Take, for instance, the conspiracy-addled documentary Plandemic, which earned millions of views on Facebook and YouTube in the spring of 2020 before it was banned from most platforms for spreading COVID-19 misinformation. On Instagram, however, the hashtag “#plandemic” and an account promoting the film remain active. And in December, an Instagram account that frequently posts content containing medical misinformation used the link sticker to give its over 146,000 followers direct access to the full Plandemic series.
Another anti-vaccine account with nearly 32,000 followers used the link sticker to direct its followers to the website of the Front Line COVID-19 Critical Care Alliance, a fringe nonprofit which promotes unproven protocols to treat COVID-19. The organization specifically curates a list of providers willing to prescribe ivermectin as treatment for COVID-19 infection. (Ivermectin is an antiparasitic medication used to deworm horses, and there is no reliable evidence that it is an effective treatment for COVID-19.)
Several accounts have also used the feature to direct their Instagram followers to content on other mainstream media platforms, like YouTube or Apple Podcasts.
Others, such as Disinformation Dozen members Tenpenny and Joseph Mercola, are using the link sticker feature to send Instagram users to alternative platforms like Gettr, Telegram, and Clouthub that have looser content moderation policies. In fact, several accounts even acknowledged in their posts that users should follow them on these alternative platforms to access content that would not be permitted on Instagram.

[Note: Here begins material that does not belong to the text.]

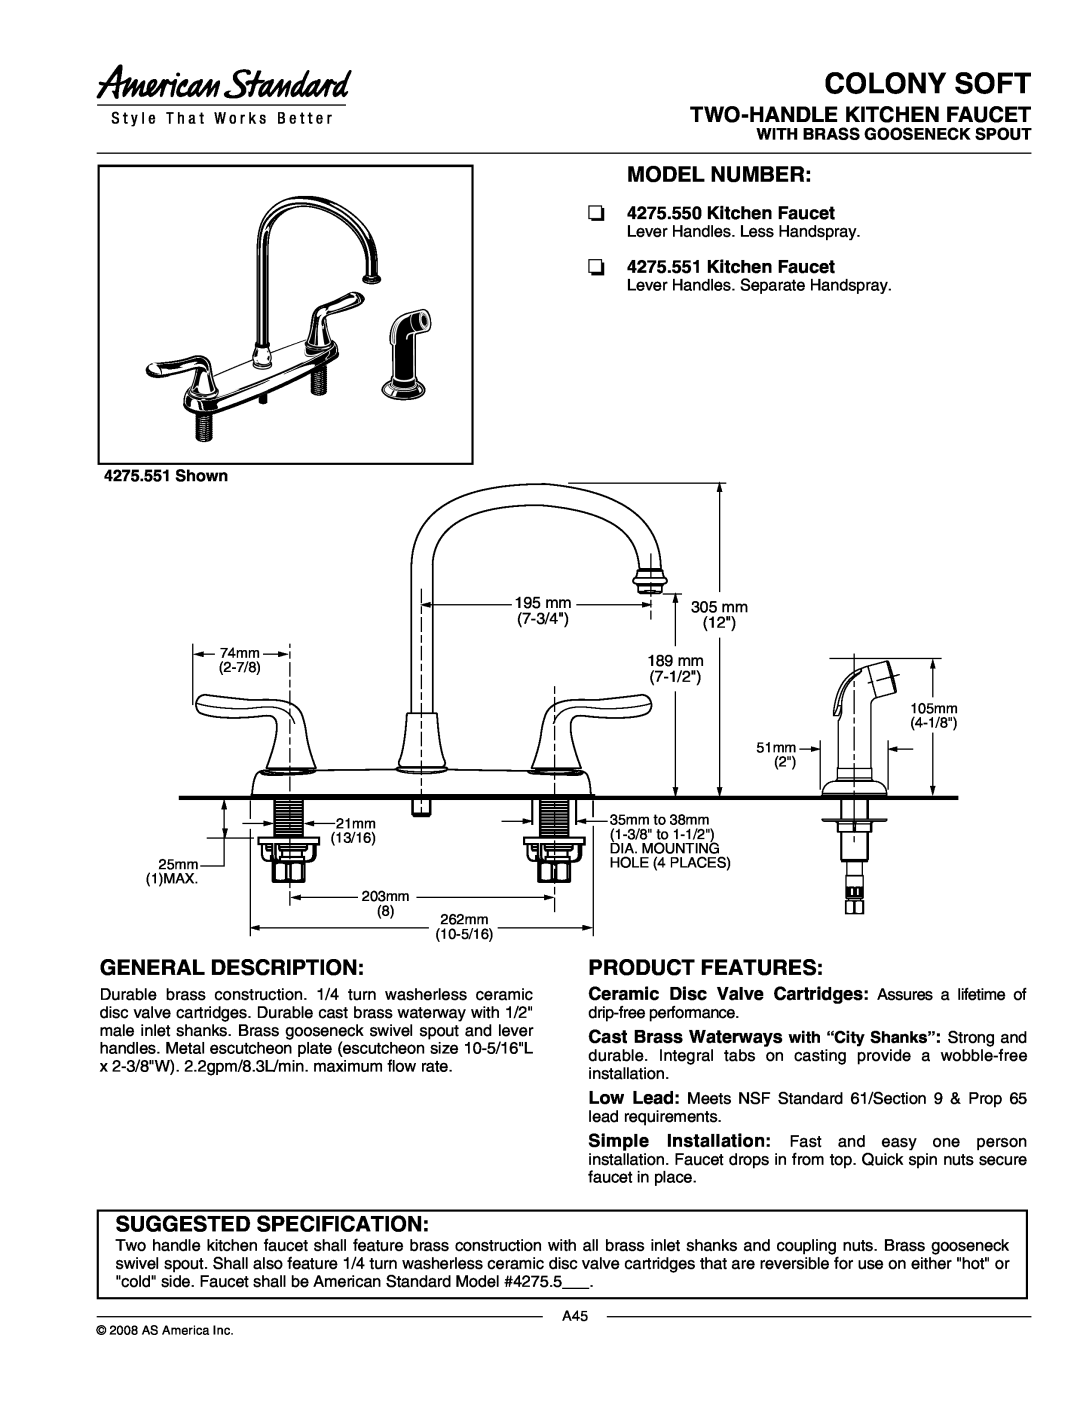 American Standard 4275.550 manual Colony Soft, Two-Handle Kitchen Faucet, Model Number, General Description, Shown

This is not the first time Meta has been caught allowing bad actors to abuse its platforms. Last fall, Media Matters identified more than 75 paid ads on Facebook that directed users to alternative social media platforms that permit extremist content. Allowing misinformers to shepherd users off Meta’s platforms lets the company dodge responsibility for the spread of misinformation without actually doing any work to address the issue.
The new link sticker yet again highlights Meta’s blindness to how the features that its platforms celebrate are used to cause harm, including spreading dangerous anti-vaccine misinformation.